The Junkers Ju-290a aircraft belonged to a rather rare subclass of long-range four-engined reconnaissance aircraft in the Luftwaffe. Despite their small number, and only 65 vehicles were produced, the Ju-290a played, together with the FW.200 "Condor", a very significant role in supporting the activities of submarines on ocean communications.

In the initial period of World War II, aircraft were a very significant help for German submarines, but the appearance of escort aircraft carriers in the escort convoys significantly reduced the effectiveness of these machines.

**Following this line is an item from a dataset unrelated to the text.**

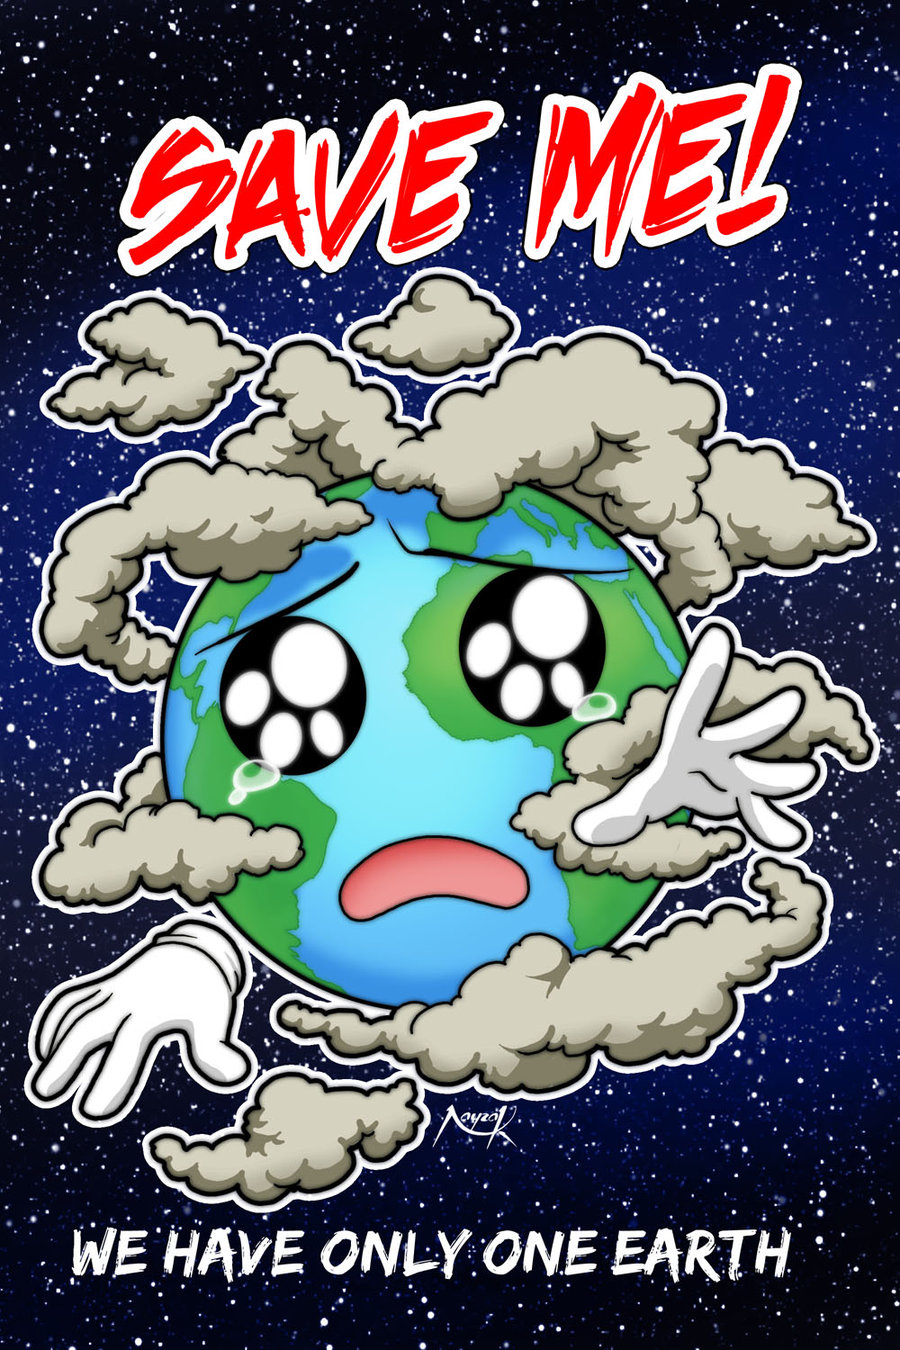 Save earth poster making illustration

On the whole, the aircraft was very good both in terms of flight characteristics and in terms of weapons and capabilities. And one can only express satisfaction with the fact that the Nazis simply could not create a sufficient number of such machines.


LTH Ju.290a-7:

Wingspan, m: 42, 00.

Length, m: 29, 10.

Height, m: 6, 80.

Wing area, m2: 203, 70.

Weight, kg:

- normal takeoff: 45,000;

- maximum takeoff: 46,000.

Engine: 4 x VMW-801D x 1700.

Maximum speed, km / h: 435.

Cruising speed, km / h: 350.

Practical range, km: 6 050.

Rate of climb, m / min: 180.

Practical ceiling, m: 6,000.

Crew, pers.: 9.


- two guns MG-151/20 - one each in the two upper towers with hydraulic drive;

- two guns MG-151/20 in side mounts;

- one MG-151/20 cannon in the bow of the lower gondola;

- one MG-151/20 cannon in the tail mount;

- one MG-151/20 cannon in the bow installation;

- one 13 mm MG-131 machine gun in the tail section of the nacelle.

Up to 3000 kg of bombs or 3 rockets Hs.293, or Hs.294, or FX-1400 "Fritz-X".